Here is my latest for the column, on a flower I came across in the Kanapaha Botanical Garden in Gainesville, FL. The piece got quite a bit shorter between writing and publishing, so I’m including a longer version below.
From the vantage point of my privileged 21st century life, filled with plentiful food and easily acquired medicine, I think back to the lives of our earliest human ancestors with terror and awe. How did they figure out what they could and couldn’t eat, what would hurt and what would heal? Walking through a cornfield today, it’s easy to see that corn is meant to be eaten. But thousands of years ago, corn didn’t grow in neat rows or bear such inviting kernels. Ancestral maize seeds were tiny, brown, and hard, borne on plants that look, to the untrained eye, like any other grass. But our forefathers still recognized these plants as sources of nutrition. Or take coffee. How long, how bitter was the process of figuring out that coffee berries must be washed, cleaned, dried, roasted, ground, and brewed with boiling water before yielding a liquid that some still find unpalatable?
When it comes to medicinal plants, the risks and rewards of trial-and-error are magnified. In a quite literal embodiment of the cliché that what doesn’t kill us makes us stronger, many plant extracts that in small quantities can save our lives, will, in larger quantities, cause our demise. But when I came across the Glory Lily in a botanical garden a few days ago, the thought that this plant could help or harm me didn’t even cross my mind. I stopped to look at it only because of its pretty flowers.
Glory lilies have been used by people across the world to cure all manner of ills, from haemorrhoids to head-lice. But its usefulness is tied to its deadliness—many of the uses that humans found for glory lilies involved killing something, be they parasitic worms or other people. This plant’s potency, serving medicinal or murderous ends, lies in the chemical colchicine. Colchicine interferes with important proteins, called tubulins, that make up our cells’ equivalents of bones and arteries.
The glory lily probably produces colchicine for protection, to dissuade animals, all of whose cells contain tubulins, from eating it. But a glory lily doesn’t benefit from scaring away all animals. In fact, its showy flowers exist solely to attract certain animals, which will transfer its pollen to other glory lily flowers and allow the plants to reproduce. And we can tell from its flowers that attracting pollinators is crucial to the glory lily. The combination of the flowers’ downward facing male parts (the anthers covered in yellow pollen) and a sharp upward turn in its female parts (the green style tube ending in three stigmas) make it near-impossible for pollen to fall from a flower’s anthers onto its own stigmas, preventing it from fertilizing itself (see the picture below for the clearest view). Glory lilies thus depend on outside assistance to reproduce, and the flowers’ gorgeous colours and form must play a role in enticing animals to help.
Some neuroscientists think that similarities in our brains might explain why flowers are attractive to birds, bees, and me. Perhaps our brains see beauty in the contrast of the glory lily flowers’ colours against a green background, perhaps from its symmetry. If I had lived five thousand years ago, I doubt my brain could have deduced if the glory lily would kill or cure me, but I hope that it would still have found these fiery flowers beautiful.
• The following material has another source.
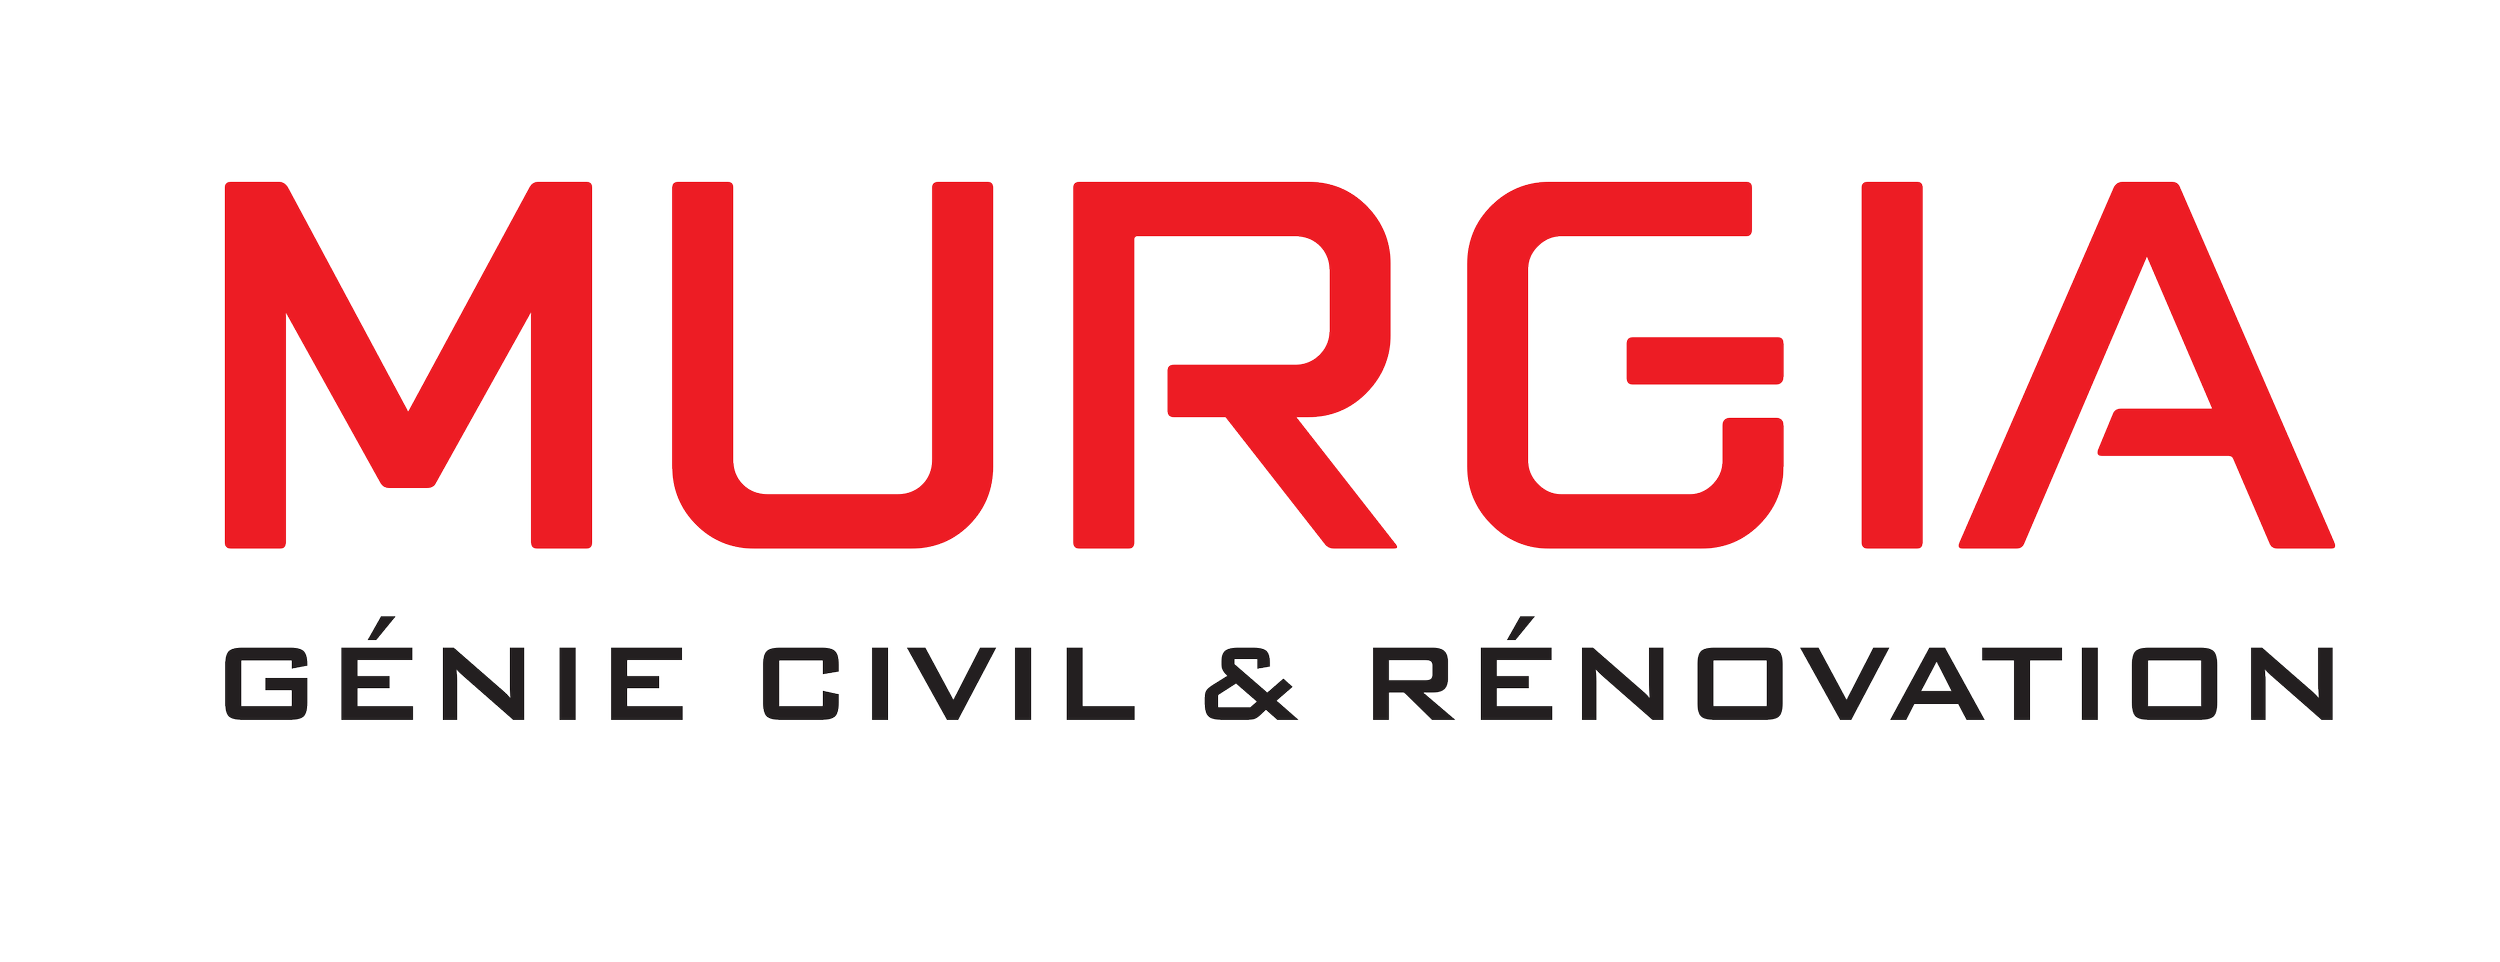 Murgia_logo

[The piece is based on the following:
- Selvarasu, A. and Kandhasamy, R. 2012. Reproductive biology of Gloriosa superba. Open Access Journal of Medicinal and Aromatic Plants 3: 5-11
- Maroyi, A. and van der Maesen, L.J.G.. 2011. Gloriosa superba L. (family Colchicaceae): remedy or poison? Journal of Medicinal Plants Research 5: 6112-6121.
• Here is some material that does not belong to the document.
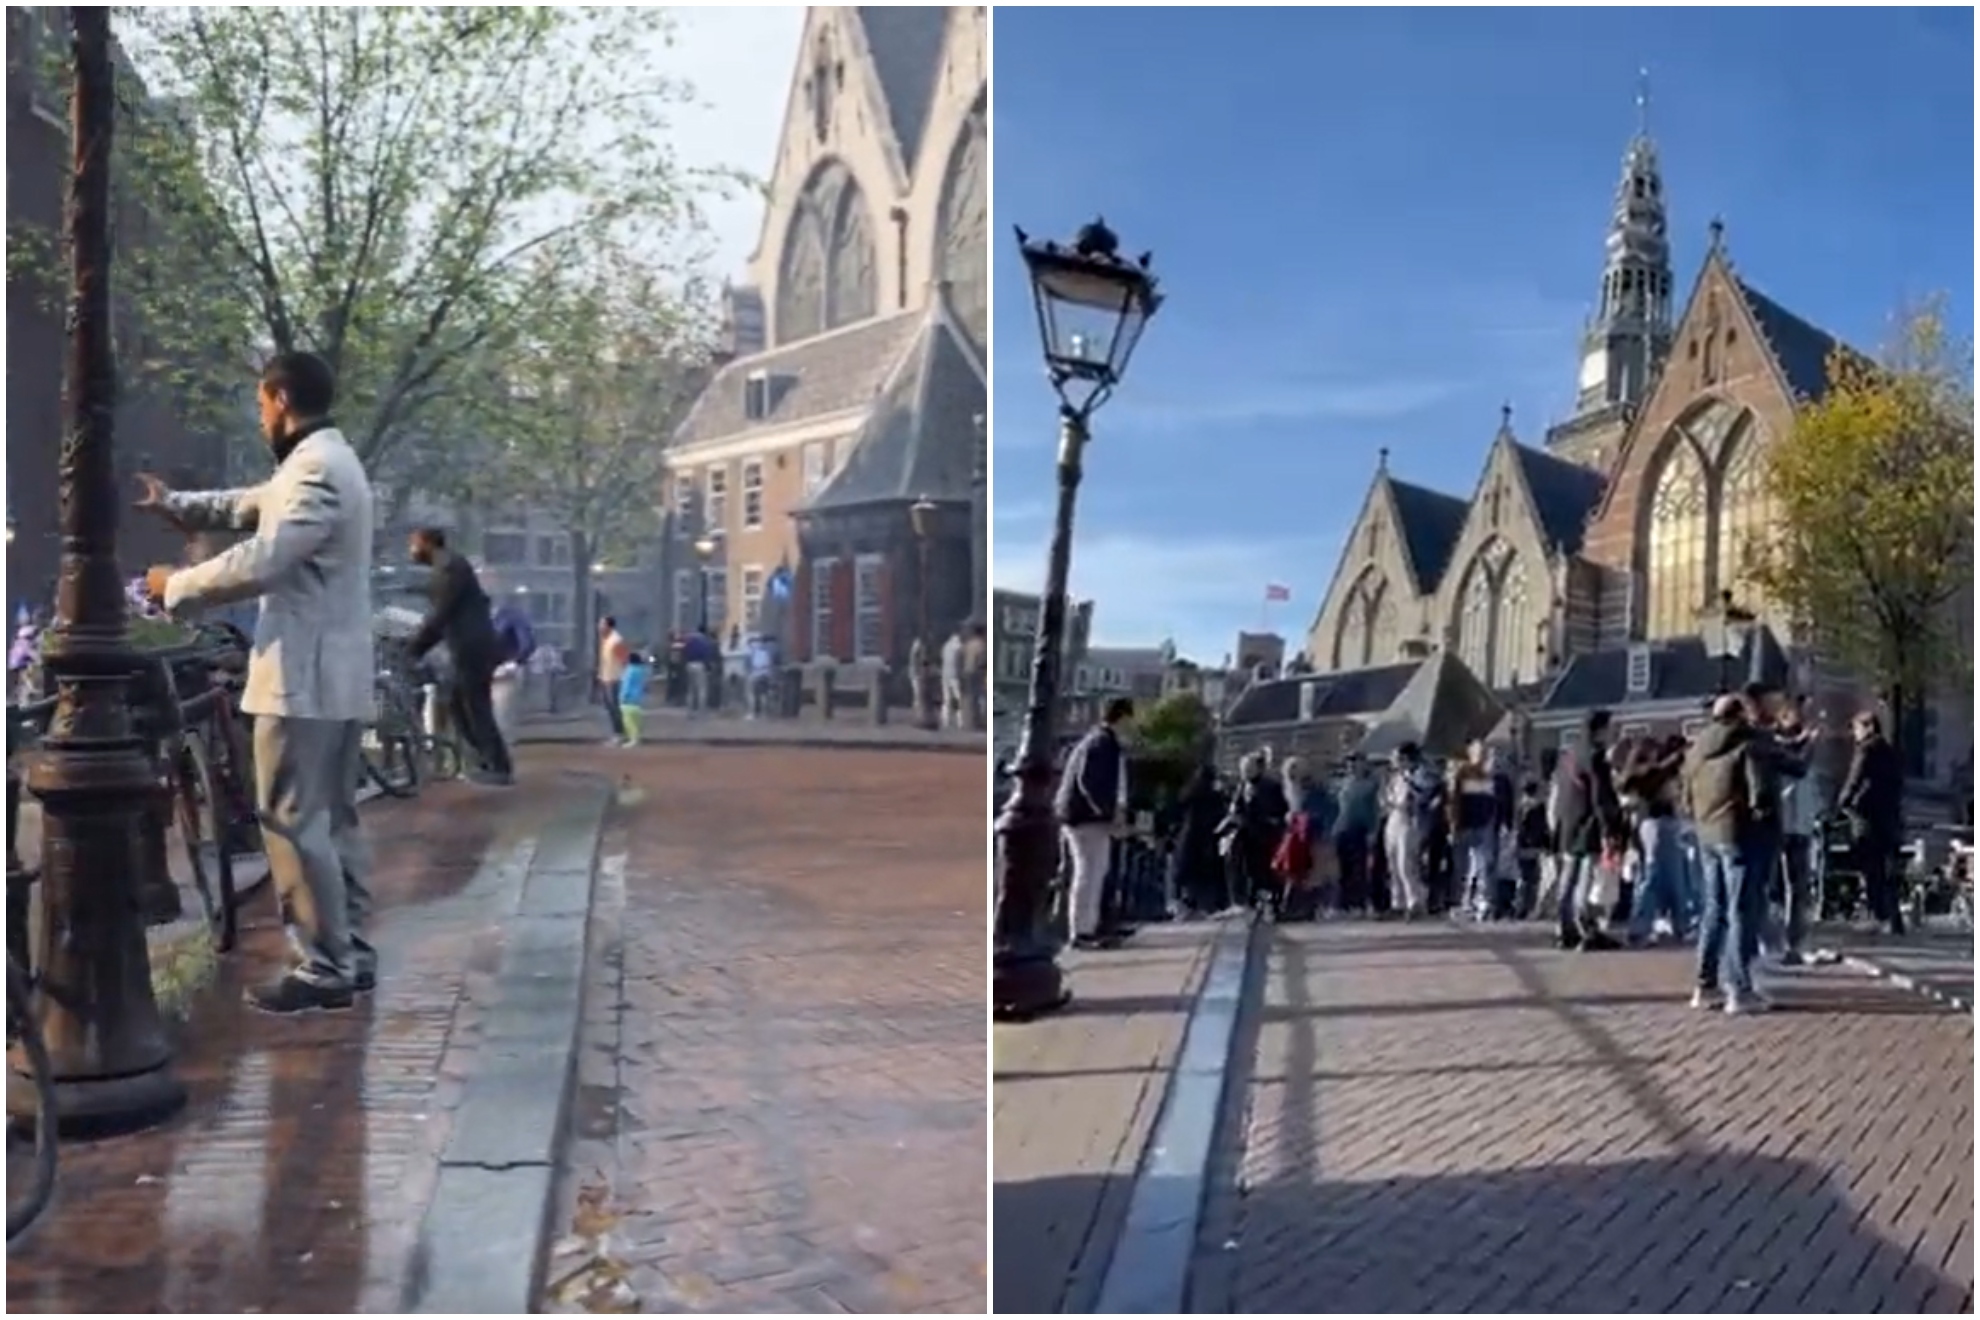 Imagen del CoD MW2 (izquierda) y de la zona real de Amsterdam (derecha)

- Kavithamani, D., Umadevi. M. and Geetha, S. 2013. A review on Gloriosa superba as a medicinal plant. Indian Journal of Research in Pharmacy and Biotechnology 1: 554-557
- Lindstrom, E.W. 1926. An unusual adaptation for cross-pollination. Journal of Heredity 17: 233-234
Also, the ideas on perceptions of beauty across animals that are briefly alluded to at the end of the piece come from V.S. Ramachandran’s work on the subject.]